I have intuous3 for a very long time, and it still working good.


----------



## Big Mike (Aug 8, 2013)

Size is probably the main issue IMO.  Bigger is better, but do you have space for it on your work desk, so that you can use it in a comfortable position.  No point getting a big one, if you don't use it because it's not comfortable.  

I have the smallest Bamboo and because I have a corner desk with a hutch on the right side, I barely have any space for it.


----------



## kathyt (Aug 8, 2013)

They have them at Best Buy. Go look at them to see how big they really are. Mike is right, if your desk is small the large would be hard to fit.


----------



## jwbryson1 (Aug 8, 2013)

kathythorson said:


> They have them at Best Buy. Go look at them to see how big they really are. Mike is right, if your desk is small the large would be hard to fit.




Kat, I read that the medium is really a good size to use because of how big the large one really is...


----------



## 12sndsgood (Aug 8, 2013)

Yeah your hand is moving all over that board, so a large board means your hand is doing a lot more moving. I got the medium and find it fits good. I was worried about the small one just being a bit to small for detail work, so I went medium and love it.  I don't use the features on it much, its the bamboo version. but I don't think id ever go back to using a mouse.


----------



## Big Mike (Aug 8, 2013)

The usual way that people have their tablet set up (I think) is so that the area of the tablet, represents the area of the screen (Absolute setting, I think)  This is great for larger tablets, but it didn't work at all for my smaller one, so I changed the setting to 'relative', just like a mouse.  Not as good for general computing and various tasks...but gives me more control for fine detail type stuff, which is really most of what I do with it.


----------



## ronlane (Aug 8, 2013)

Question, are there only certain models that will work with LR or will any of them? (JW, not intended to hi-jack your thread, but to enhance it with other wacom questions.)


----------



## jwbryson1 (Aug 8, 2013)

ronlane said:


> Question, are there only certain models that will work with LR or will any of them? (JW, not intended to hi-jack your thread, but to enhance it with other wacom questions.)

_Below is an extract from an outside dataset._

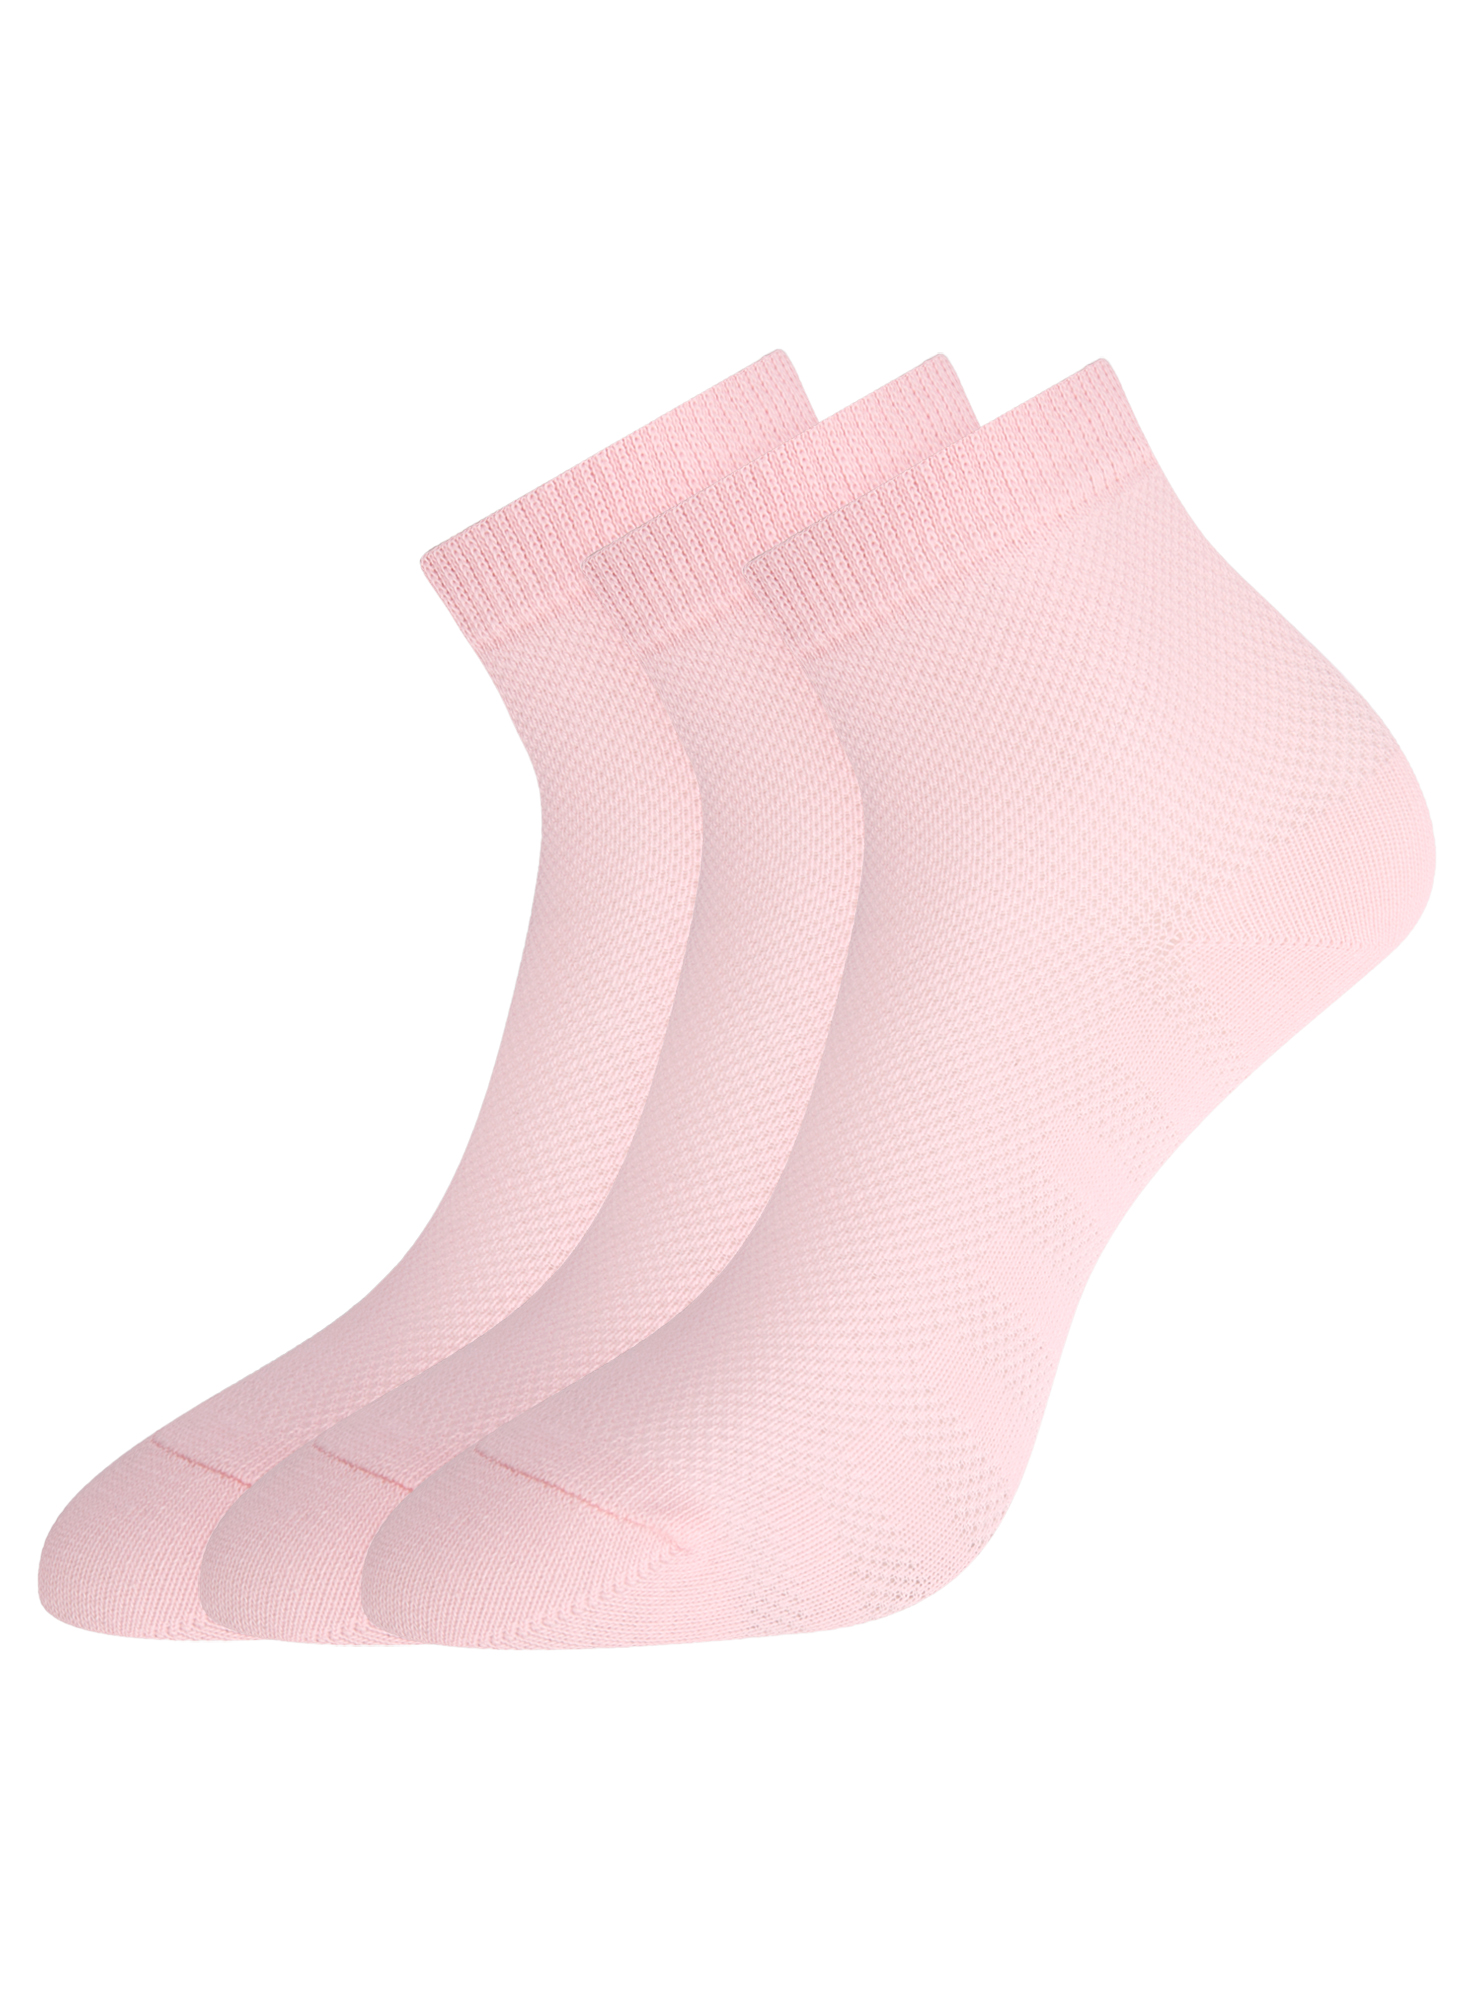 Комплект носков женских oodji 57102711T3 розовых 35-37

Not at all.  Good question, amigo!


----------



## Big Mike (Aug 8, 2013)

They should all work.  It's just an interface device like a mouse.  The difference is that it also has a pressure sensitivity which can be set to something like brush size, brush density etc.  Really, not any different that a gaming mouse with a bunch of buttons that can be configured.


----------



## kathyt (Aug 8, 2013)

Big Mike said:


> They should all work.  It's just an interface device like a mouse.  The difference is that it also has a pressure sensitivity which can be set to something like brush size, brush density etc.  Really, not any different that a gaming mouse with a bunch of buttons that can be configured.

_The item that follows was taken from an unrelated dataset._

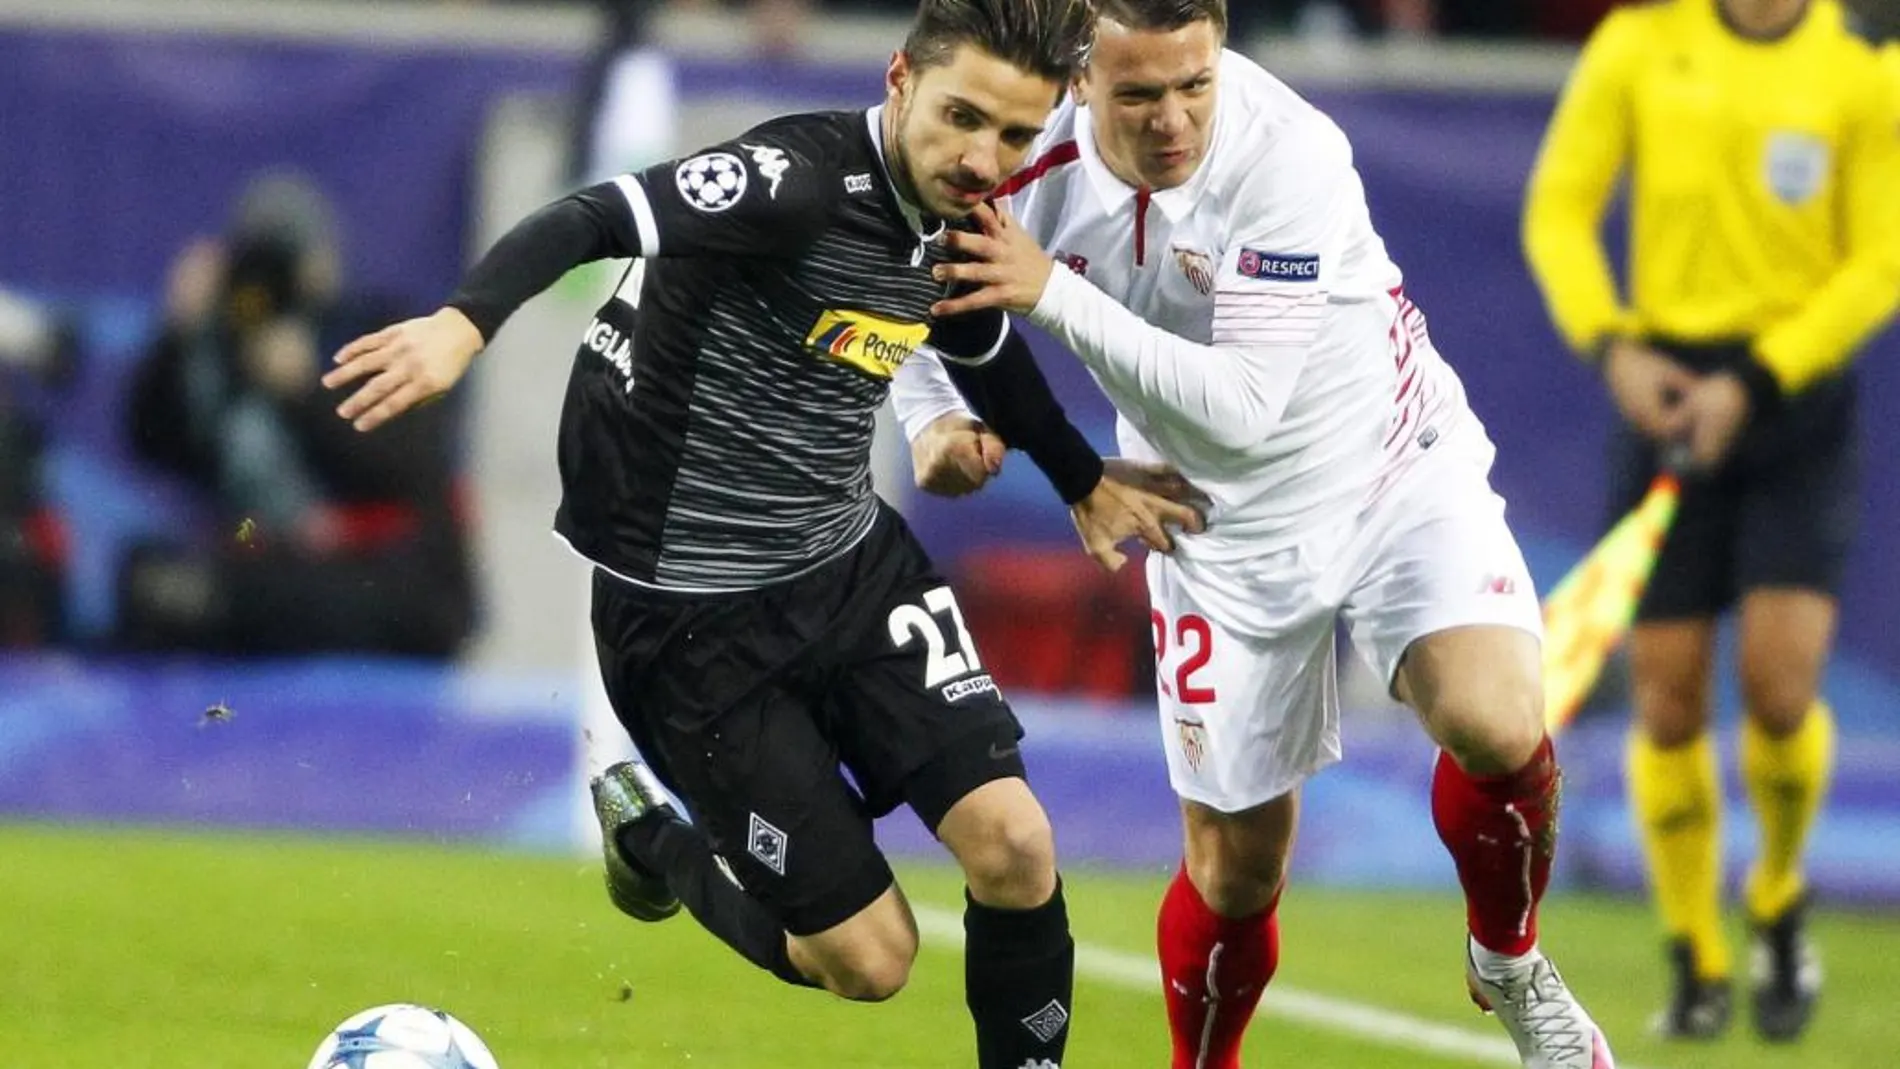 El centrocampista ucraniano del Sevilla, Evgeni Konoplyanka lucha por el balón con Julian Korb (i) del Borussia Mönchengladbach

They are supposed to be much better then using a mouse. I am probably going to have arthritis in my one hand. I know where that sentence is going to lead with Jdubs and runnah.


----------



## jwbryson1 (Aug 8, 2013)

kathythorson said:


> They are supposed to be much better then using a mouse. I am probably going to have arthritis in my one hand. I know where that sentence is going to lead with Jdubs and runnah.

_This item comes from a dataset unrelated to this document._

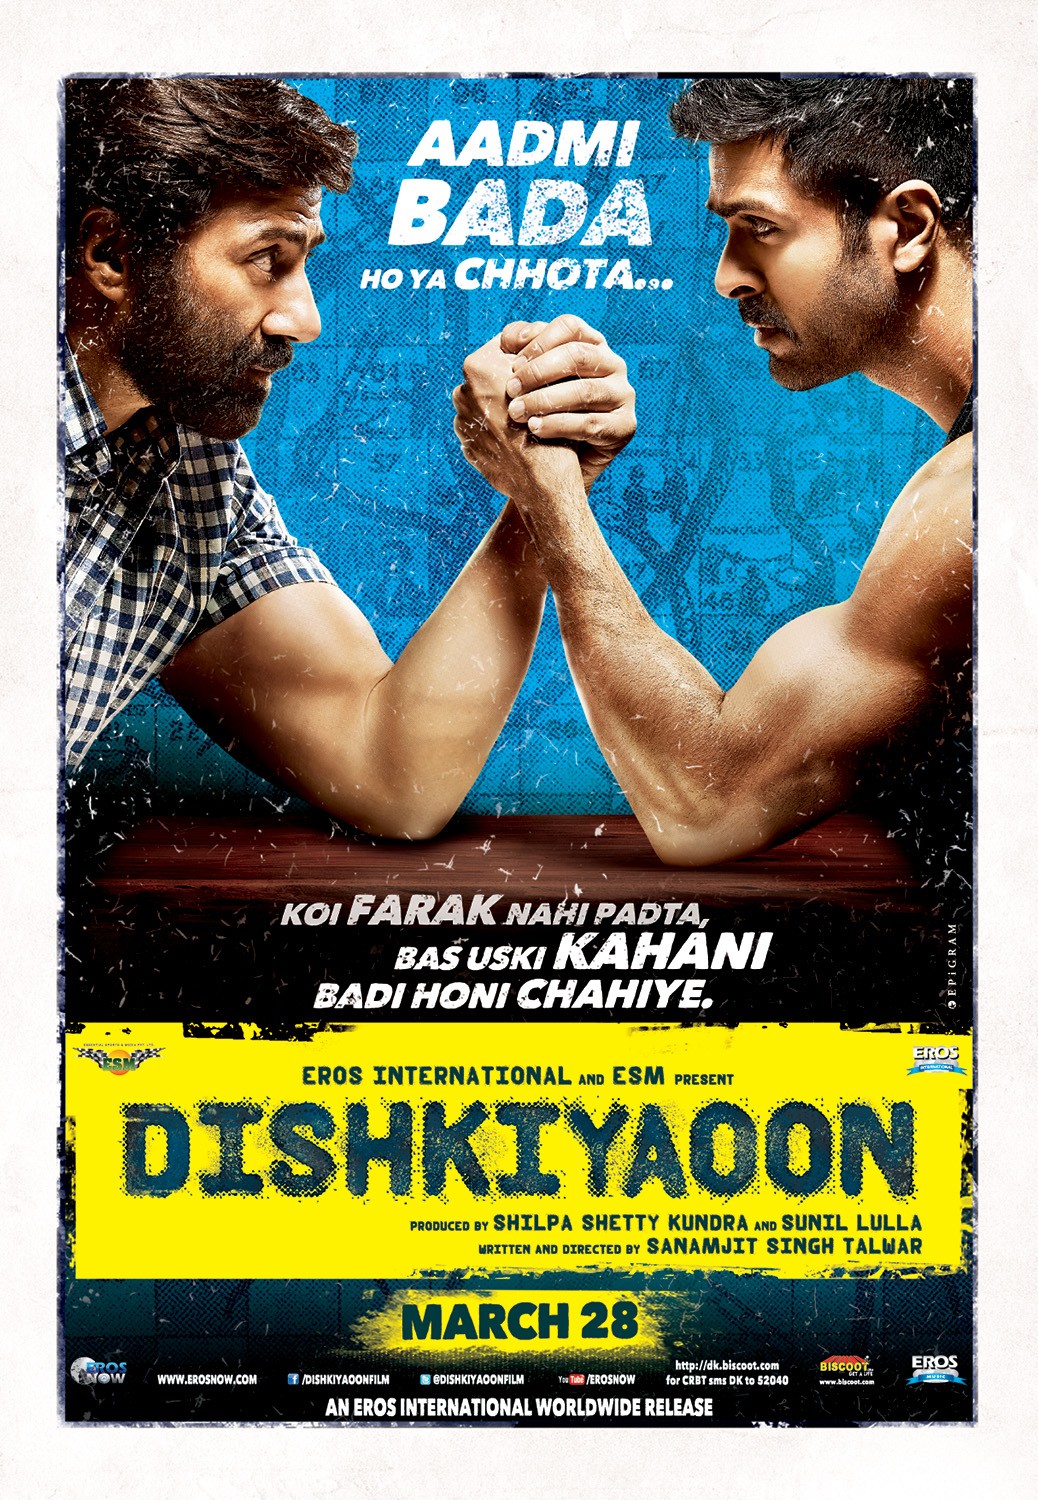 Extra Large Movie Poster Image for Dishkiyaoon (#4 of 5)

Just remember:  JHubs (Good) :hug::   Runnah (Bad)  :mrgreen:


----------



## runnah (Aug 8, 2013)

kathythorson said:


> Big Mike said:
> 
> 
> > They should all work.  It's just an interface device like a mouse.  The difference is that it also has a pressure sensitivity which can be set to something like brush size, brush density etc.  Really, not any different that a gaming mouse with a bunch of buttons that can be configured.
> ...



You should do an ergonomic evaluation of your workspace. I did one and I've found that I feel way better.


----------



## jwbryson1 (Aug 8, 2013)

runnah said:


> kathythorson said:
> 
> 
> > Big Mike said:
> ...



No doubt that would help.


----------



## Big Mike (Aug 9, 2013)

kathythorson said:


> Big Mike said:
> 
> 
> > They should all work.  It's just an interface device like a mouse.  The difference is that it also has a pressure sensitivity which can be set to something like brush size, brush density etc.  Really, not any different that a gaming mouse with a bunch of buttons that can be configured.
> ...



In terms of sensitivity of movement, they are better than the old ball mouses (mice)...but a newer mouse can be pretty good as well.  I just got a new mouse for my day job (3D CAD design etc.).  It's a gaming mouse, with several customizable buttons and sensitivity control.  

I do know people who use their pen/tablet for everything...but I don't find that comfortable.  Maybe with a larger tablet and enough space to set it up with good ergonomics, it could be better.


----------



## Murray Bloom (Aug 17, 2013)

I use an Intuos 4 Large.  Yes, it's big, but when I used a smaller one, the scaling (ratio between the tablet and my 24" monitor) didn't feel right.  Moving to the larger tablet fixed that.


----------



## Murray Bloom (Aug 17, 2013)

Oops.  Duplicate post.


----------



## molested_cow (Aug 17, 2013)

Had an Intuos 3 a while back, never got a hang of it. Then we had the 21" Cintiq which I thought I'd be using more often since it's more direct. Nope, never really used it for what it was work. Mouse and keyboard work better for me.


----------



## MiFleur (Aug 17, 2013)

I have a bamboo, I am not a professionnal, but I use it to make color adjustments in camera raw, and to cut around objects in photoshop.  the buttons on the left side are customizable, the tablet is pressure sensitive and does everything I need. I have the bigger bamboo, and work with 2 screens on my computer, I have no problems whatsoever with it!  As I did not work with any other models, I cannot compare, but it is efficient and not too expensive.


----------



## jwbryson1 (Aug 30, 2013)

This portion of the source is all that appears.